The atheist vote’s just a sexy detail in an omnibus poll of religious voters. The good news: Obama’s lost seven points among Christians since June and has seen his support soften considerably in several subgroups. The bad news: Pretty much everything else, especially the fact that McCain’s only gained one point in the same period and trails among every “faith segment” except one. If Obama has a “Catholic problem,” what do we call McCain’s predicament? A “Catholic crisis”?
For the most part, the various faith communities of the U.S. currently support Sen. Obama for the presidency. Among the 19 faith segments that The Barna Group tracks, evangelicals were the only segment to throw its support to Sen. McCain. Among the larger faith niches to support Sen. Obama are non-evangelical born again Christians (43% to 31%); notional Christians (44% to 28%); people aligned with faiths other than Christianity (56% to 24%); atheists and agnostics (55% to 17%); Catholics (39% vs. 29%); and Protestants (43% to 34%). In fact, if the current preferences stand pat, this would mark the first time in more than two decades that the born again vote has swung toward the Democratic candidate.

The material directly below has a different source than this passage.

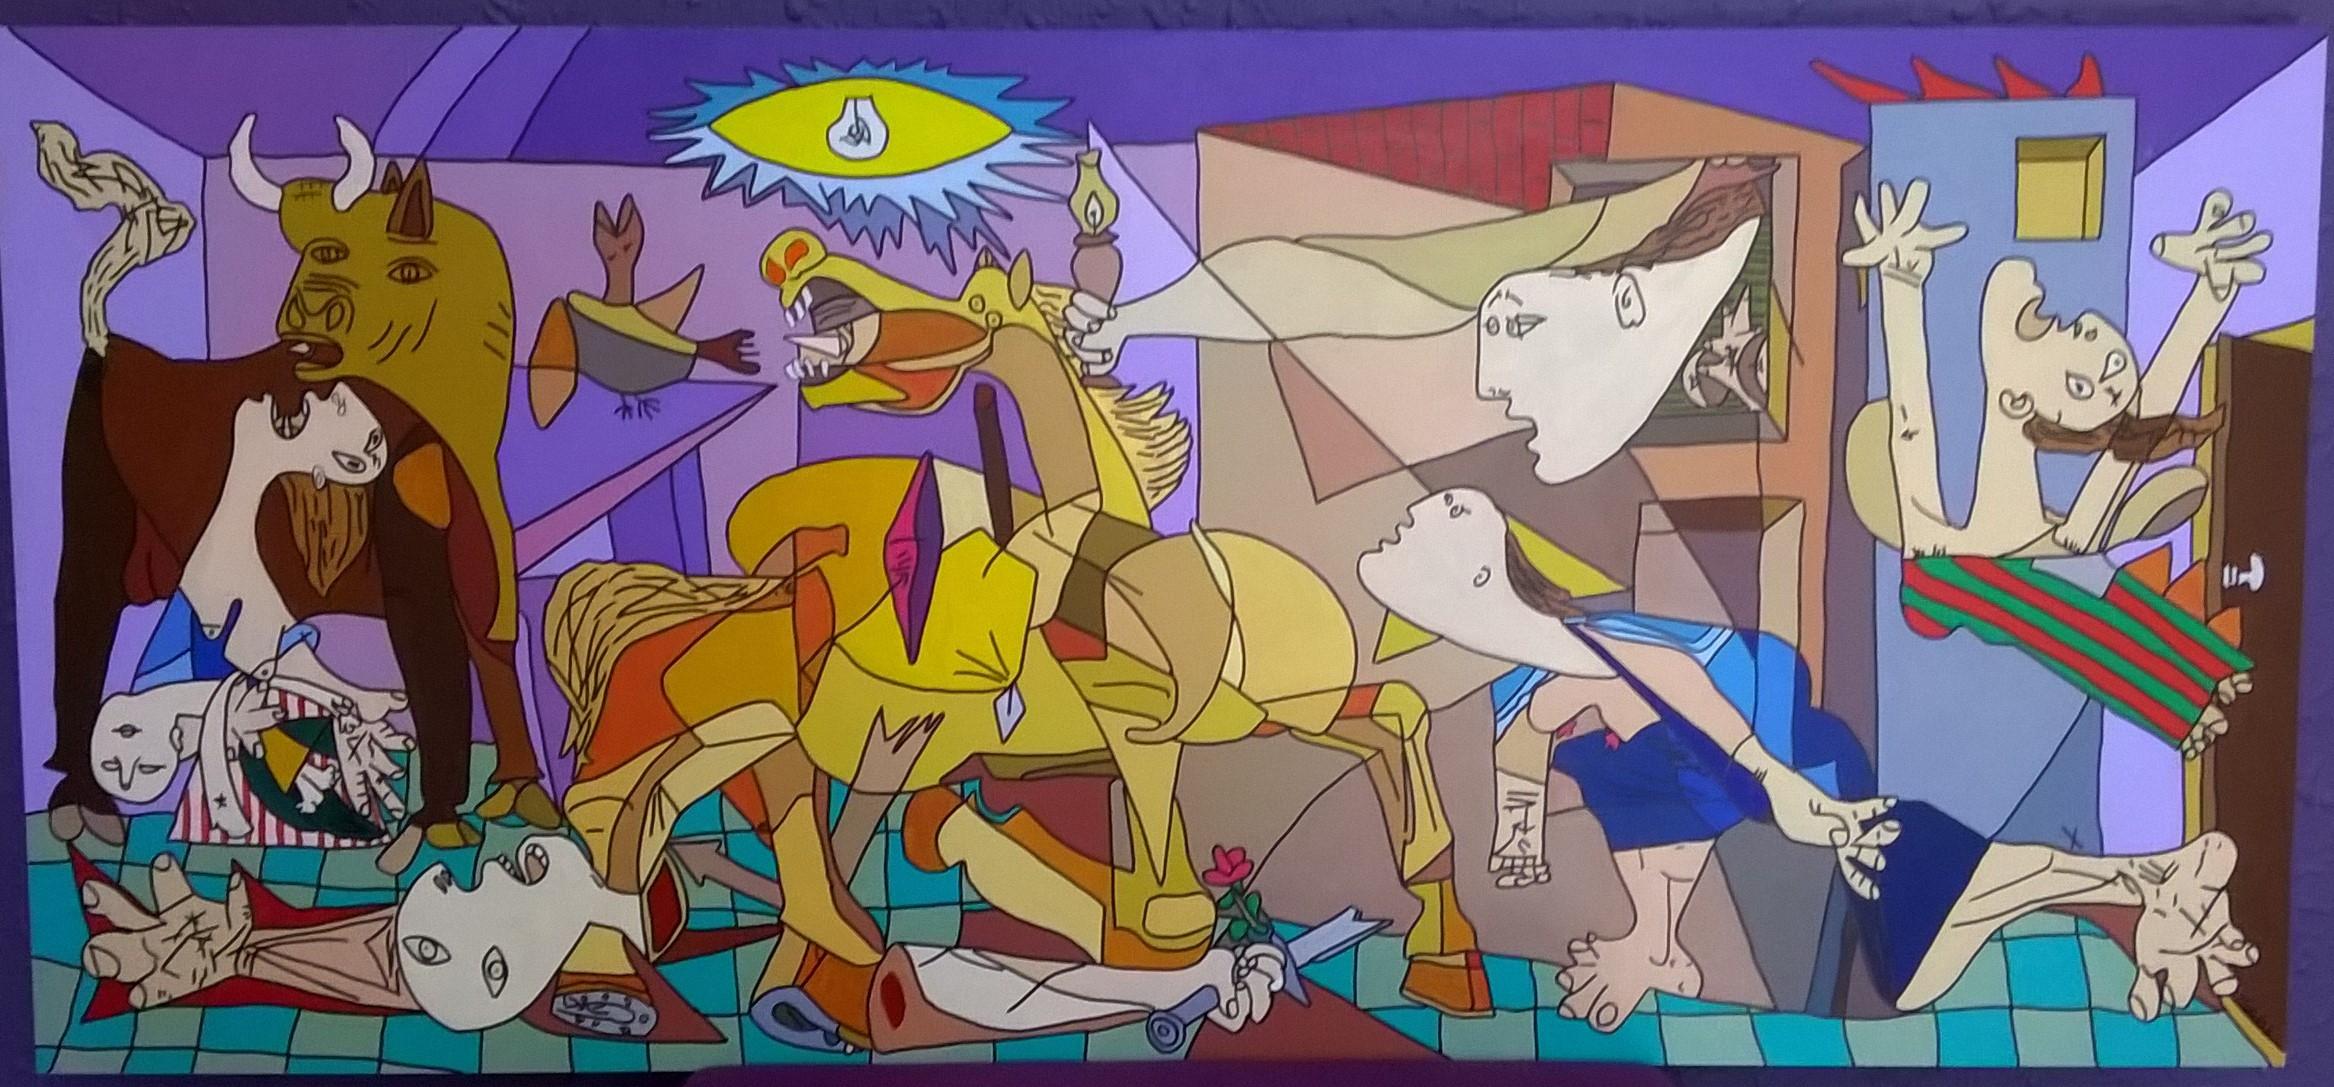 Guernicacolor 6

However, while there has been little movement since the beginning of June among most voting segments (such as ethnic groups, age groups, or geographic slices), there has been substantial churn among religious segments. During the past two months, Sen. Obama’s lead has eroded substantially among non-evangelical born again Christians (a decline of nine points); active Christians (a 20-point drop); Protestants (down 13 points); and Catholics (down 11 points).
Even McCain’s lead among evangelicals comes with an asterisk: It’s based on Barna’s (more precise) definition of what counts as “evangelical,” not whether people describe themselves that way. By the latter definition, he’s ahead only 39/37. And even by Barna’s definition, he’s lost 17 points since June. I have no explanation for that except possibly his decision to cut Hagee and Parsley loose. That came on May 22; maybe the news didn’t penetrate among evangelicals for a few weeks. It can’t be that Obama’s evangelical outreach program is peeling tons of people away or else the margin between them would be closer.
All in all, no surprise given how many Americans are Christian that the same recent trends in national polls show up here — lots of people still undecided and Obama’s halo starting to dim a bit, with McCain unable to capitalize. I read something the other day speculating that he has a ceiling of about 45 percent; I’m starting to worry that that may be true. Exit question: Can you name one high-profile evangelical who’s stumping hard on his behalf? Huckabee was the obvious choice to be a liaison to Christians but aside from a few token joint appearances I haven’t heard of him doing much of anything. McCain’s own credentials are sufficiently suspect among this constituency that you’d think the campaign would be clamoring for credible surrogates to get out on the trail for him, but … nothing. What gives?